Протоиерей А. Рахновский

— (Смеется.) Человек... 

А. Ананьев

— Вы меня сейчас, простите, все-таки лабрадором назвали! (Смеется.)

Протоиерей А. Рахновский

— Извините! (Смеется.) Нет, а человек — образ и подобие Божие. Это не красивые слова. Это значит, что в человеке присутствует вот эта неубиваемая потребность в вертикали. И вот это есть начало молитвы. Это то в нас, вот тот дар... Ни одного человека нельзя назвать бездарным. Единственное, что можно, этот талант — о нем можно забыть, его можно закопать, его можно попрать. И его можно извратить. Вот. Но он... Слава Богу, что каждый из нас этим талантом наделен. И я вот могу просто — не знаю, может быть, я очень самонадеян, но я буду утверждать, что все проблемы в молитве происходят исключительно из-за неправильной педагогики молитвы. То есть это значит, Ваш духовник неправильно Вас учит молитве.

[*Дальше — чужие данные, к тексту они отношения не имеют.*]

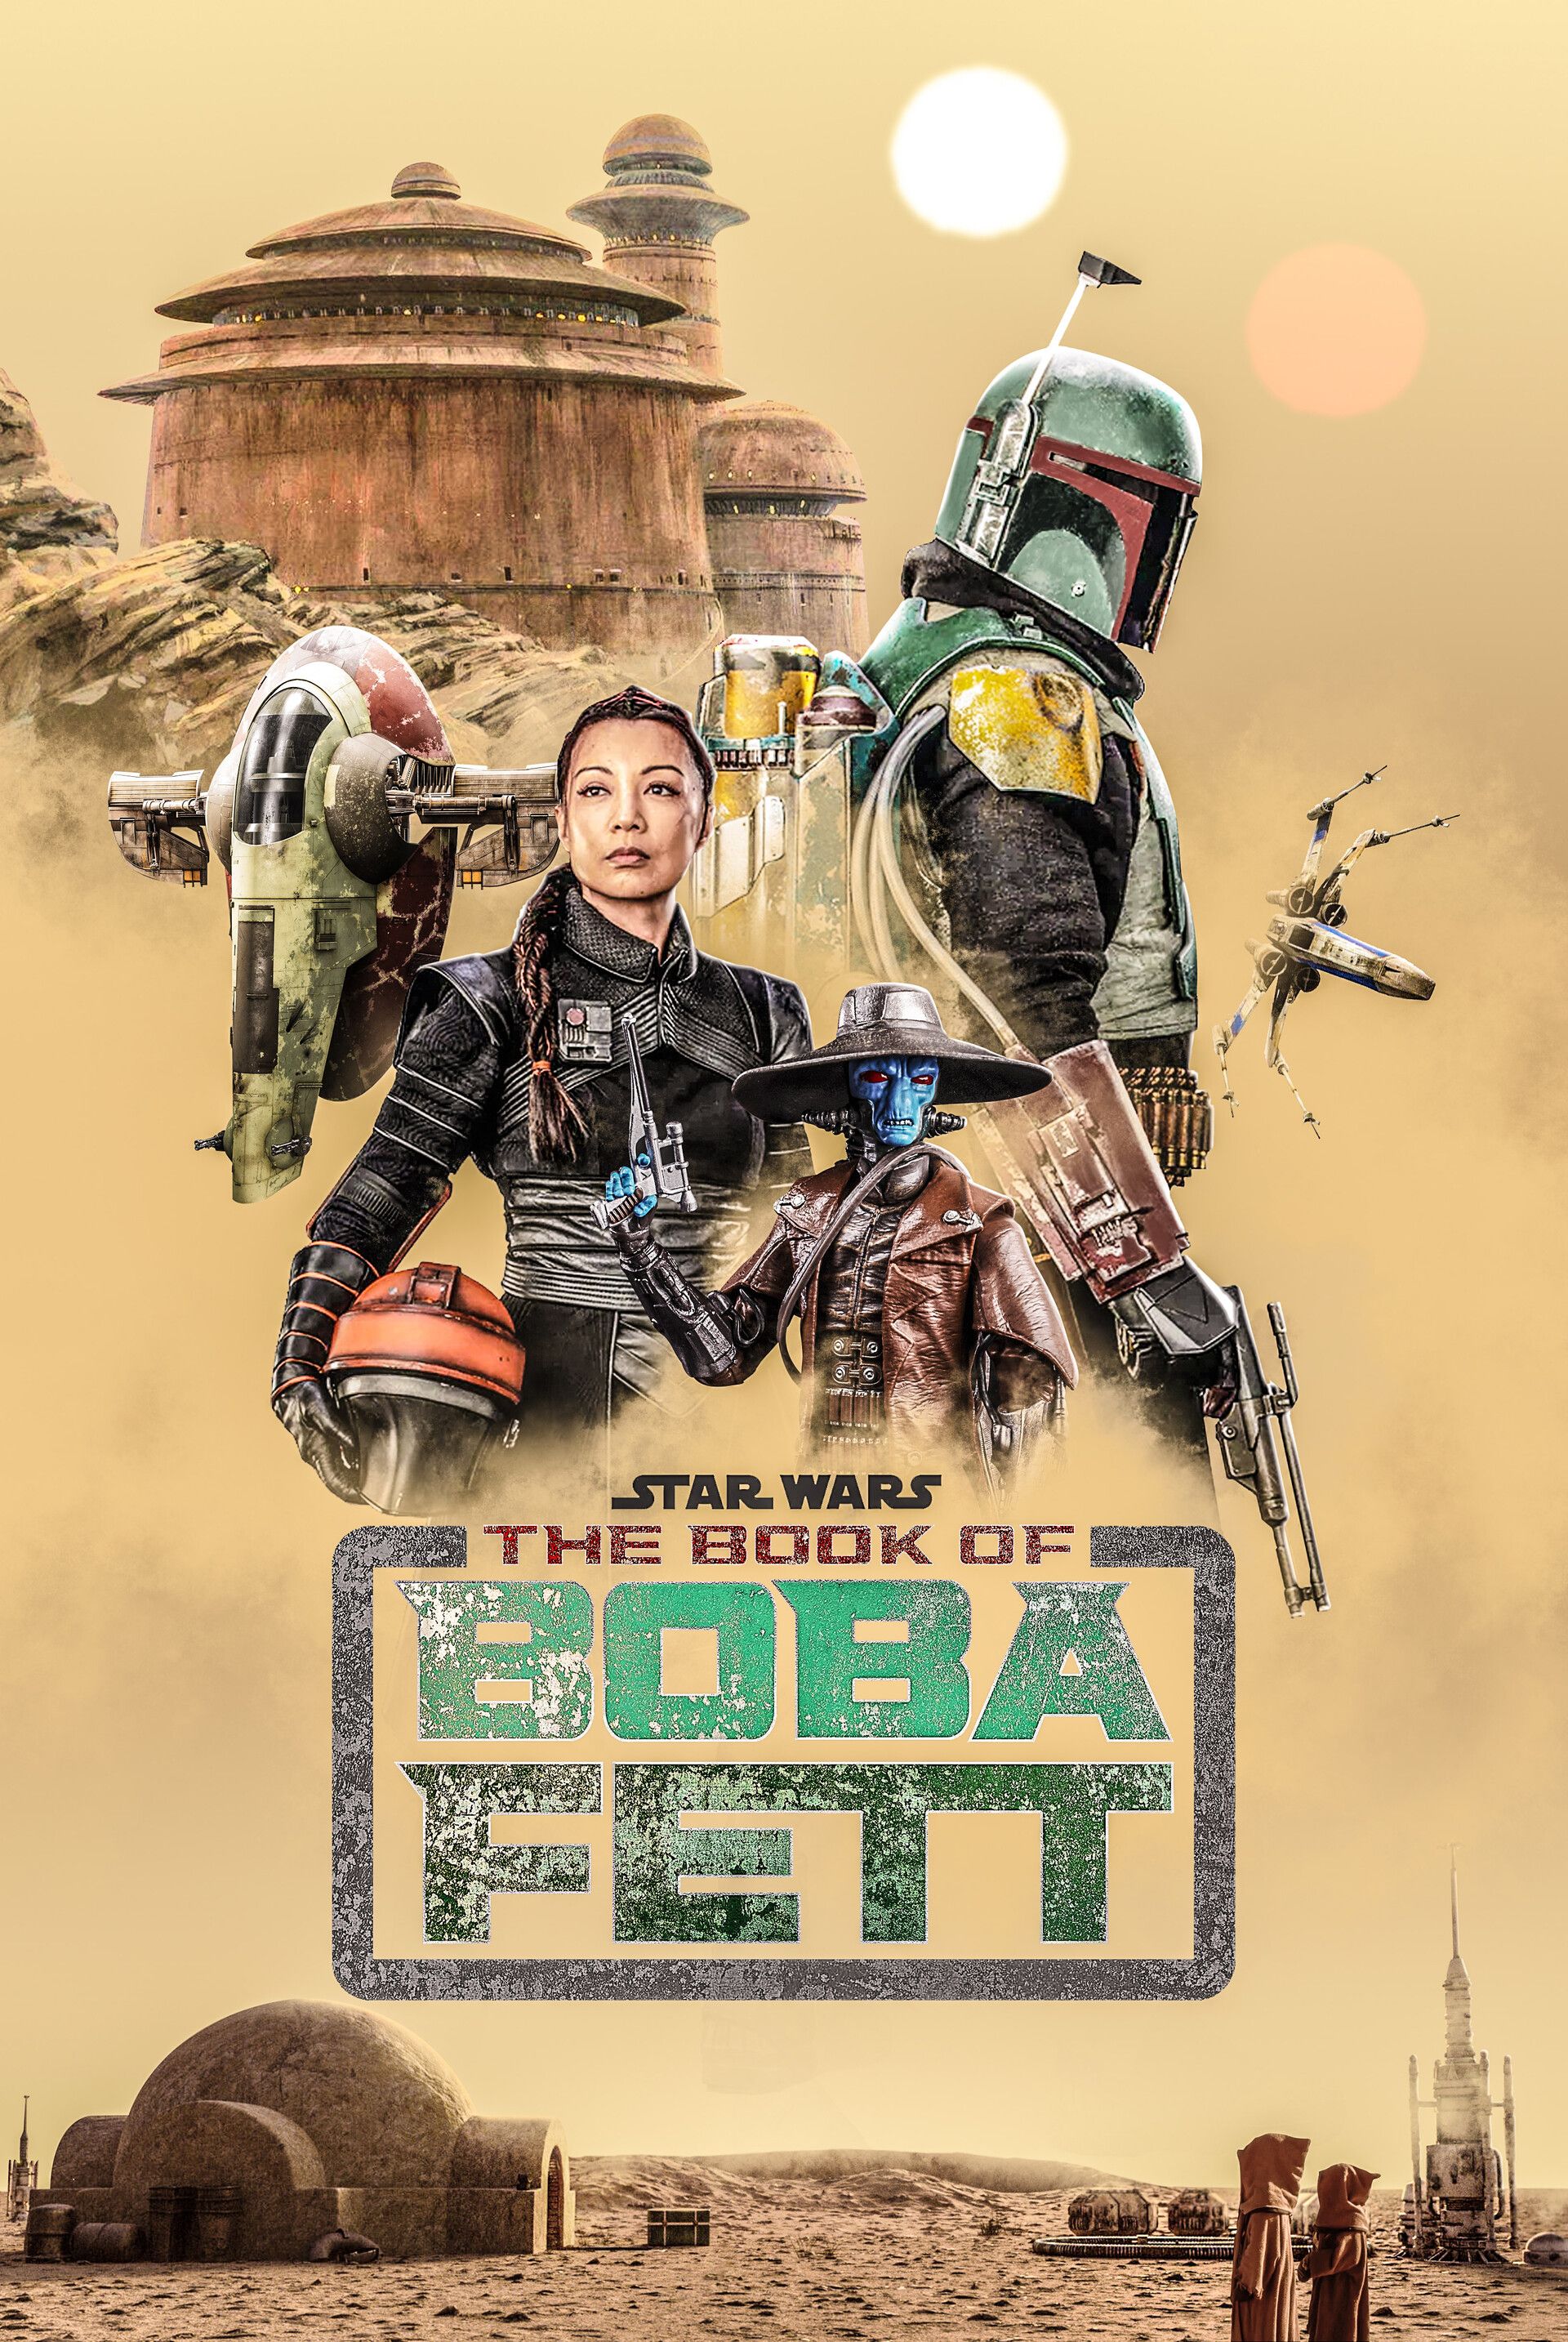 The Book of Boba Fett Poster, Roberto Chávez. Star wars drawings, Star wars background, Star wars books
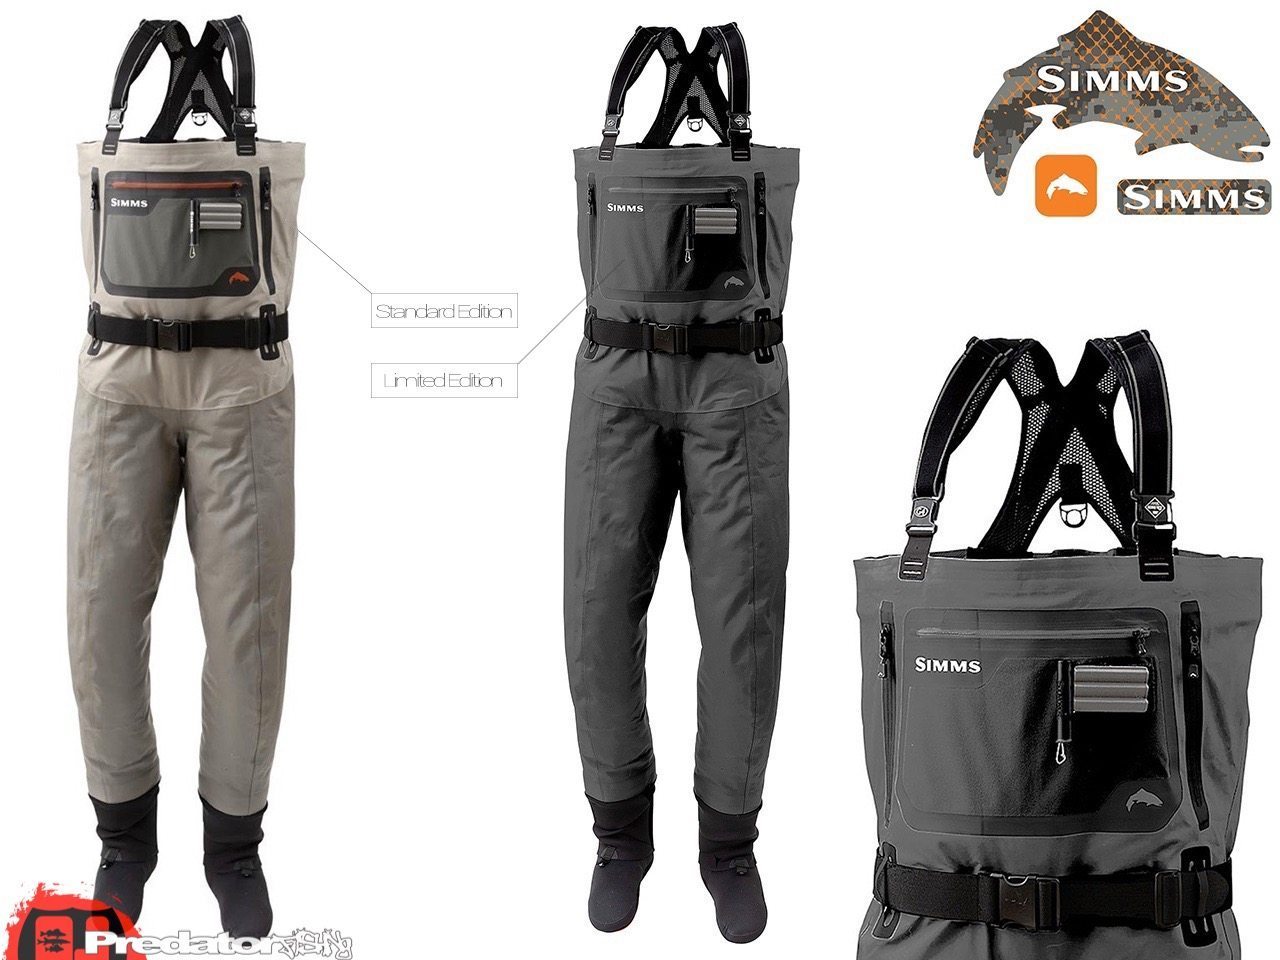 Simms G4X pro limited edition guide waders.

Или Вы сами неправильно ей учитесь.

А. Ананьев

— Правильно ли я Вас понял, что если у Вас есть — я сейчас обращаюсь к слушателям, у нас — есть ощущение (такое ощущение просто), что нам кажется молитва слишком долгой, слишком неудобной, что у нас нет времени, что мы мало что понимаем в ней, что нам надо просто в данной ситуации обращаться к своему духовнику, к священнику, которому мы исповедуемся, и поделиться с ним своими вот этими печалями, и получить наставление?

Протоиерей А. Рахновский

— Да, совершенно верно. Ну вот, как это кто-то сказал — что (ну, это из спортивной тематики): «Если ты сам себя тренируешь, то твой тренер, скажем мягко, не очень умный человек». (Смеется.)

А. Ананьев

— Ну, с тренером все понятно. Если ты не пробежал сто метров за установленные там минуты, у тебя не получилось. Если пробежал — у тебя получилось.

Протоиерей А. Рахновский

— Угу.

А. Ананьев

— Последний вопрос. Каковы критерии получившейся молитвы?

Протоиерей А. Рахновский

— Плоды. Плоды. Вы замечали, что иногда переход от молитвы к гневу мгновенен?

А. Ананьев

— Ну...

Протоиерей А. Рахновский

— Ну меня отвлекли. Я читаю акафист, меня там — раз! — кто-то отвлек. Или я погрузился,  а мне сказали: «Андрюш, вынеси ведро». Да. А если этого не происходит... То есть если... Плод истинной молитвы — любовь. Вот вдруг ты молишься о врагах, и ты понимаешь — ты их полюбил. Ну хорошо — как минимум, у тебя пропало желание мстить. Не будем, там, забираться слишком высоко. Плоды. У молитвы должны быть плоды. В виде любви.

А. Ананьев

— И, видимо, это тема следующего разговора, потому что, как верно заметил один мой хороший друг, «есть, — говорит, — у меня проблема: вот после литургии чувствую — за Господа просто жизнь отдам, могу и даже хочу; проходит полчаса — понимаю, что поужинать бы, там, позавтракать, пообедать, делами надо заниматься, а умирать — нет, не хочется». Может быть, об этом мы поговорим уже в следующий раз. Я очень надеюсь, что и для наших слушателей прозвучали какие-то важные ответы. Ну, для меня они действительно прозвучали, за что я благодарю протоиерея Андрея Рахновского, настоятеля храма Ризоположения в Леоново, преподавателя кафедры библеистики Московской Духовной Академии. Я вот сейчас резюмирую наш разговор... Хотел подобрать какое-нибудь одно слово, наставление, резюме нашей беседы. И у меня вот только одно слово в голове возникло: «Учитесь». А каким было бы Ваше слово?

Протоиерей А. Рахновский

— (Вздыхает.)

А. Ананьев

— Потому что я понимаю, что мне надо учиться. Мне еще ой как много надо учиться. А вот Ваше наставление каким бы было?

Протоиерей А. Рахновский

— Вы знаете, учеба-то — это ведь средство, а не цель. Учитесь, чтобы потом полюбить. Полюбить Бога.

А. Ананьев

— И на этом мы ставим многоточие. Спасибо Вам большое! Всего доброго! Меня зовут Александр Ананьев. До новых встреч!